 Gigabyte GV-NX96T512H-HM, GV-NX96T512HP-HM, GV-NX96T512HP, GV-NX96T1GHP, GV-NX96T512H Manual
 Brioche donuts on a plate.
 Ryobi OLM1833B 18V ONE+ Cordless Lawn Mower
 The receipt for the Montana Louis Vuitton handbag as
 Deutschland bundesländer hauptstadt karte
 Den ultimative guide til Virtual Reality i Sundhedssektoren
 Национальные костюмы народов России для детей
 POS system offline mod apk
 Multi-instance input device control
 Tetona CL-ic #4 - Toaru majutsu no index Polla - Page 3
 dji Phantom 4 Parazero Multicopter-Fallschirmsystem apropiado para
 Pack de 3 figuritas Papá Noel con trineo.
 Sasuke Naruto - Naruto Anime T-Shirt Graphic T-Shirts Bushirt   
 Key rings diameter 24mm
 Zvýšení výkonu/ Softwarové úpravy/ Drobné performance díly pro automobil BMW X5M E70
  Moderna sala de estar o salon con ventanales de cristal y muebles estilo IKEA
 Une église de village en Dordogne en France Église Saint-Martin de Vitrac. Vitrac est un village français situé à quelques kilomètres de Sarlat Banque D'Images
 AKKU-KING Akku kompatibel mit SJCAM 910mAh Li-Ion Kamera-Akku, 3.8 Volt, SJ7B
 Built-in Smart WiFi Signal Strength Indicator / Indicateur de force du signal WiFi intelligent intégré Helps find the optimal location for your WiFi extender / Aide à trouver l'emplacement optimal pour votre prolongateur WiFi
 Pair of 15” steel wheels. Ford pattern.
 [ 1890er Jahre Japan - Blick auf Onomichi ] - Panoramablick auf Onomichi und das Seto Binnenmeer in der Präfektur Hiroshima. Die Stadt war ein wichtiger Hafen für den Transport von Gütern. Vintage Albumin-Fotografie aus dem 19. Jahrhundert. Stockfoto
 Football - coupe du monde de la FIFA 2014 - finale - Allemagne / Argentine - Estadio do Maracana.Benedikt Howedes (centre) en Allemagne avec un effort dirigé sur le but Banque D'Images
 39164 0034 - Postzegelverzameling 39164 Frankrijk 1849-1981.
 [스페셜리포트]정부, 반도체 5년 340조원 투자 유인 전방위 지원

• • • • •

Work instructions
Take the lines above from the one containing "Brioche donuts on a plate." to the one containing "Une église de" and retype them exactly, both ends included, with nothing added.

Result of this exercise
 Brioche donuts on a plate.
 Ryobi OLM1833B 18V ONE+ Cordless Lawn Mower
 The receipt for the Montana Louis Vuitton handbag as
 Deutschland bundesländer hauptstadt karte
 Den ultimative guide til Virtual Reality i Sundhedssektoren
 Национальные костюмы народов России для детей
 POS system offline mod apk
 Multi-instance input device control
 Tetona CL-ic #4 - Toaru majutsu no index Polla - Page 3
 dji Phantom 4 Parazero Multicopter-Fallschirmsystem apropiado para
 Pack de 3 figuritas Papá Noel con trineo.
 Sasuke Naruto - Naruto Anime T-Shirt Graphic T-Shirts Bushirt   
 Key rings diameter 24mm
 Zvýšení výkonu/ Softwarové úpravy/ Drobné performance díly pro automobil BMW X5M E70
  Moderna sala de estar o salon con ventanales de cristal y muebles estilo IKEA
 Une église de village en Dordogne en France Église Saint-Martin de Vitrac. Vitrac est un village français situé à quelques kilomètres de Sarlat Banque D'Images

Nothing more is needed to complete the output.